[Beowulf] how cluster's storage can be flexible/expandable?

Fri Nov 9 04:26:41 PST 2012

On Fri, Nov 9, 2012 at 7:19 AM, Christopher Samuel
<samuel at unimelb.edu.au> wrote:
> So JBODs with LVM on top and XFS on top of that could be resized on
> the fly.  You can do the same with ext[34] as well (from memory).

It also works with hardware external RAID systems, I've done it ~5
years ago - the key is firmware support in the RAID system. Swapped
disks one by one, allowing one to be fully rebuilt before the next one
is changed; here it helps if the firmware allows one disk to be a
perfect copy of another, otherwise you just treat it as a failed disk
which needs to be reconstructed. Once each larger disk is in, the
volume is enlarged on the fly; the firmware will do a rebuild using
(hopefully :)) only the disk areas which were not previously used. So
far it is all done on the RAID system, the host computer doesn't know
anything about it. Afterwards, the kernel needs to be informed that
the volume has grown; IIRC this has required a rescan of that
particular SCSI target. And finally the FS (I used ext3 at the time)
needs to be enlarged (using resize2fs). All without unmounting, users
noticed only that the FS suddenly became larger :)

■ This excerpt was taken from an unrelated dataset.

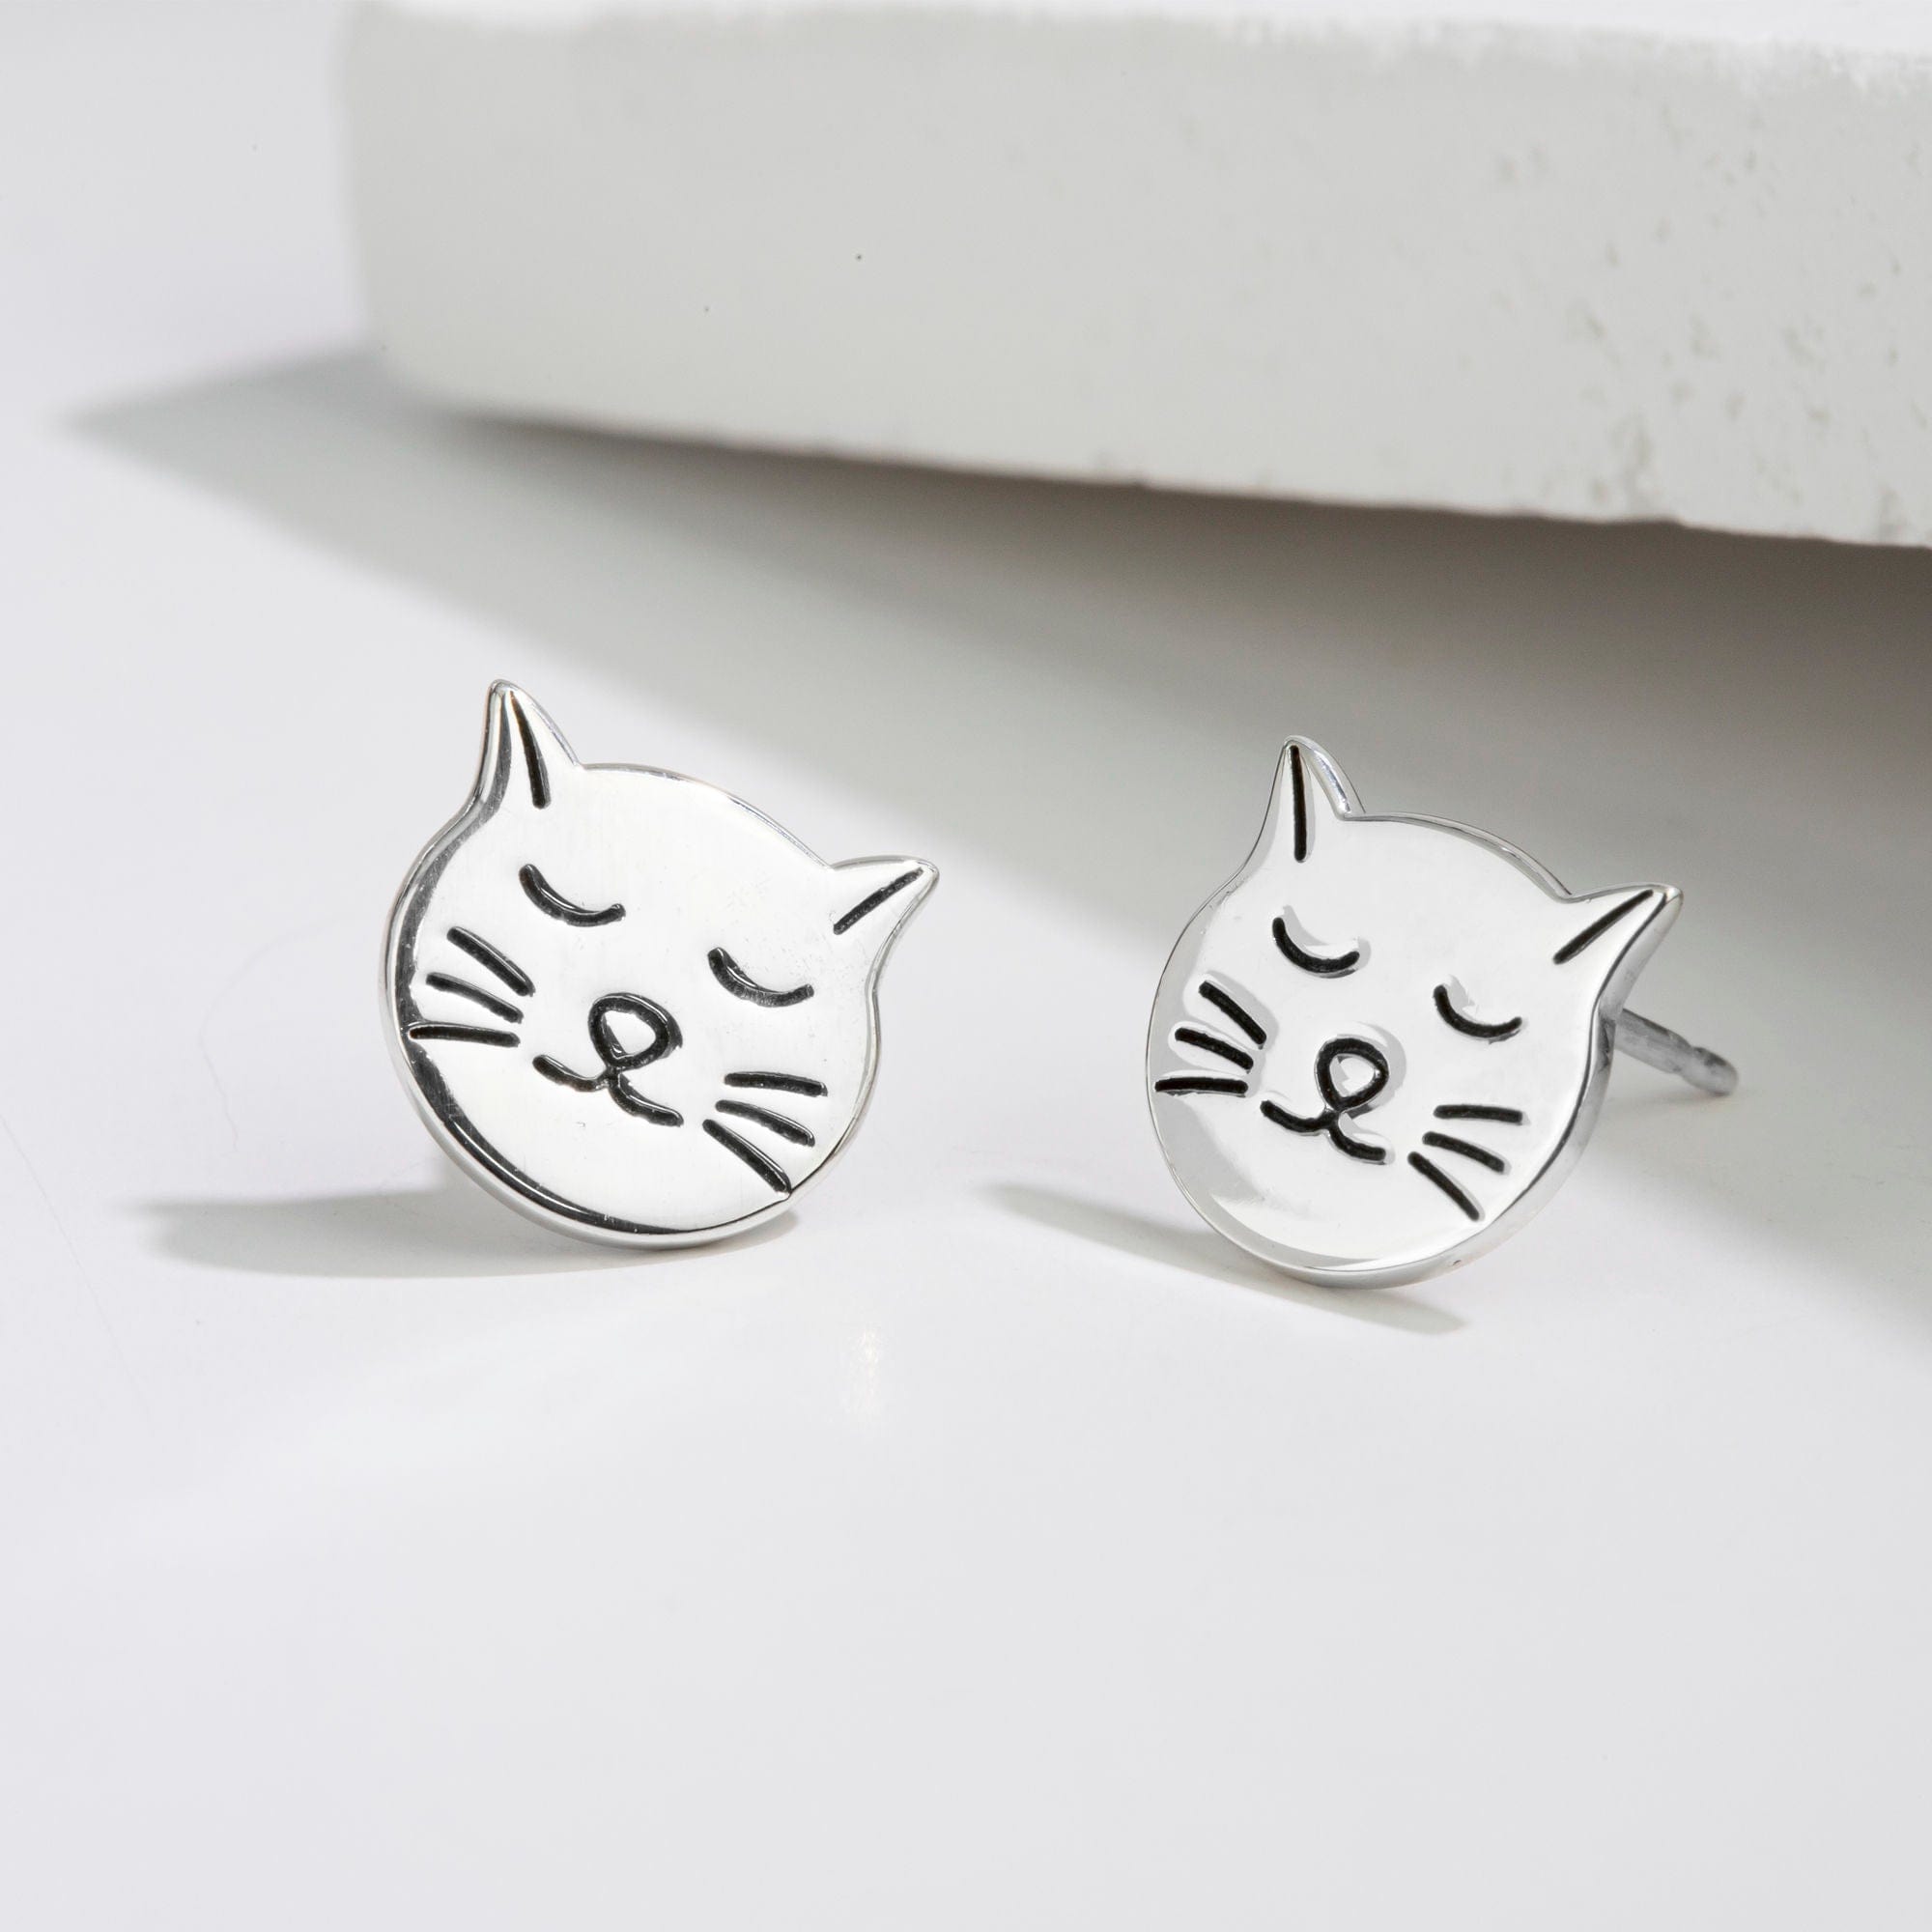 Boma Jewelry Earrings Sleepy Cat Stud Earrings

The access will be slowed down throughout the whole process, as data
needs to be copied between disks (during disk swapping phase), RAID
volume reconstructed (during volume expansion phase) and FS enlarged
(which for ext3 means creating extra inodes, etc.; for FS without
fixed nr. of inodes this phase will probably be very short). The
process will also take long... IIRC after each disk was inserted it
took about 10h for it to be fully integrated, so I was able to
exchange 2 disks/day; this can be different nowadays due to different
disk sizes, disk read-write speed and controller speed. Up to you to
decide whether it makes sense to do it this way or it becomes easier
to declare a downtime :)

> Then there are things like Panasas where you can buy more shelves and
> add them to the bladeset and expand that way.

... but the expansion of volumes requiring a rebalancing of the
objects distribution will also slow down the access. There's no magic
bullet :)

Cheers,
Bogdan